かつて、「1」は数ではなかった
シモン・ステヴィンがその著書『算術』に「1は数である」と大きく書いたことについて、『小数と対数の発見』で山本義隆はこう書いています。
現代の私たちにはあまりにも当たり前のことを言っているように思われるが、この時代、「1が数である」という見解の表明は、数の理解としては、あえて強調しなければならないほどに革新的な、いや革命的なことであった。(p.79)
どうも西洋では、プラトン以来「数というのは集まったもののこと」で、その単位である1は、それ自体としては数ではない、という理解が続いていたようなんですね。本書でも紹介されていますが、古代以来いろんな人が「1は数じゃないぞ、間違えるなよ」みたいに念押ししてます。そこへステヴィンが「いや1も数でしょ」と言い出したわけです。なんか現代だったら Togetter にでも論争がまとめられそうな雰囲気です。
この本は、10進小数と対数の発見をたどるものです。まだ前半しか読んでいませんが、大変に興味深いです。我々はあまりにも10進数に親しんでいるので、ヨーロッパで長いこと60進小数やら、複雑な度量衡やらが使われていたこと、それらの計算が非常にやっかいだったにもかかわらず、10進に移行するのにとても長い時間が必要だったことなどに驚かされます(1ポンド=16オンス=7000グレーン、なんて現代でも使われてます)。また、哲学的な数についての思考は離散的なものに偏りがちで、連続的な量としての数についての算術は実際的、技術的な背景のなかで発展してきたというのも面白いです。
山本義隆の本は、例の三部作が非常に面白かったです。
『小数と対数の発見』は、「『世界の見方の転換』執筆の過程で放棄した陶磁の数学の変化」について、日本数学協会の『数学文化』に連載した内容をまとめたものだそうです。ですから、これらの本が面白かったという人には、あの知的興奮の続きを味わえるのではないかと思います。

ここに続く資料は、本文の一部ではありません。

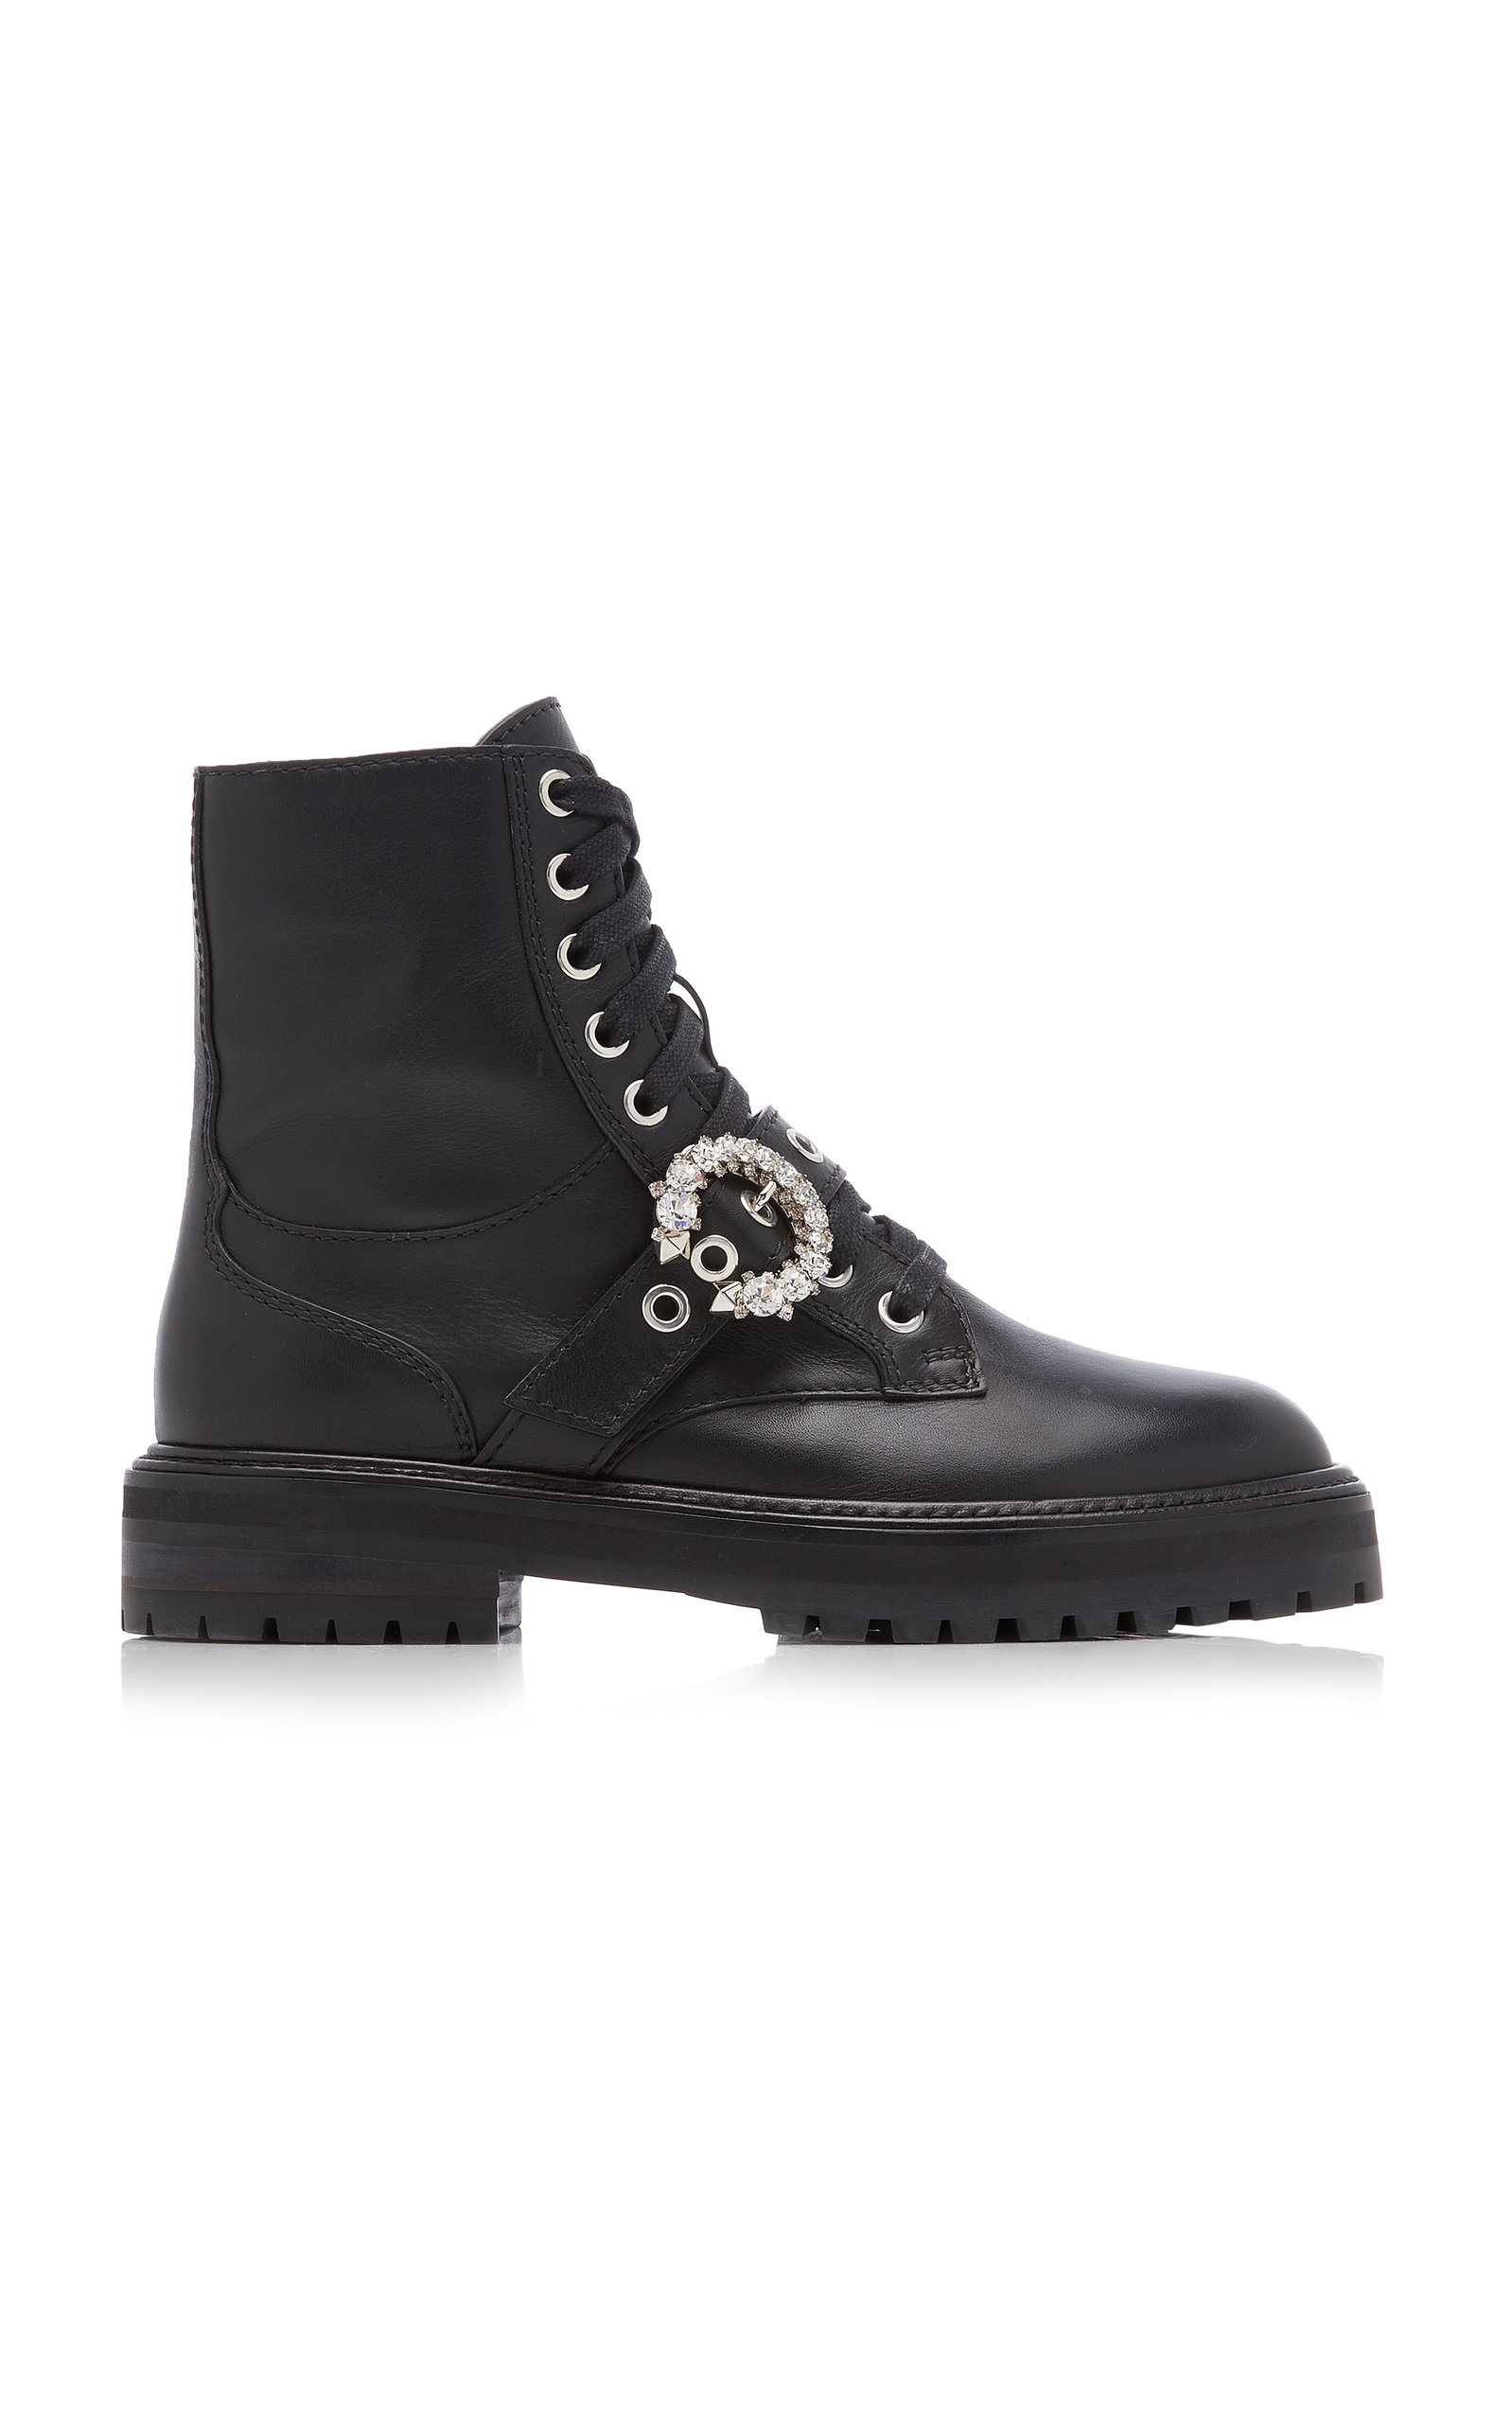 Jimmy Choo - Women's Cora Embellished Leather Combat Boots - Black - Moda Operandi

ところで、「あとがき」のなかで2017年に著者が「ベトナム反戦闘争とその時代」展のためにベトナムに行ったことを「実に私にとってはじめての海外旅行で」と書いていたのに衝撃を覚えました。これまでの著作の、あれだけの研究を、日本から一歩も出ずにやっていたなんて!すごい、というほかに言葉がでてきません。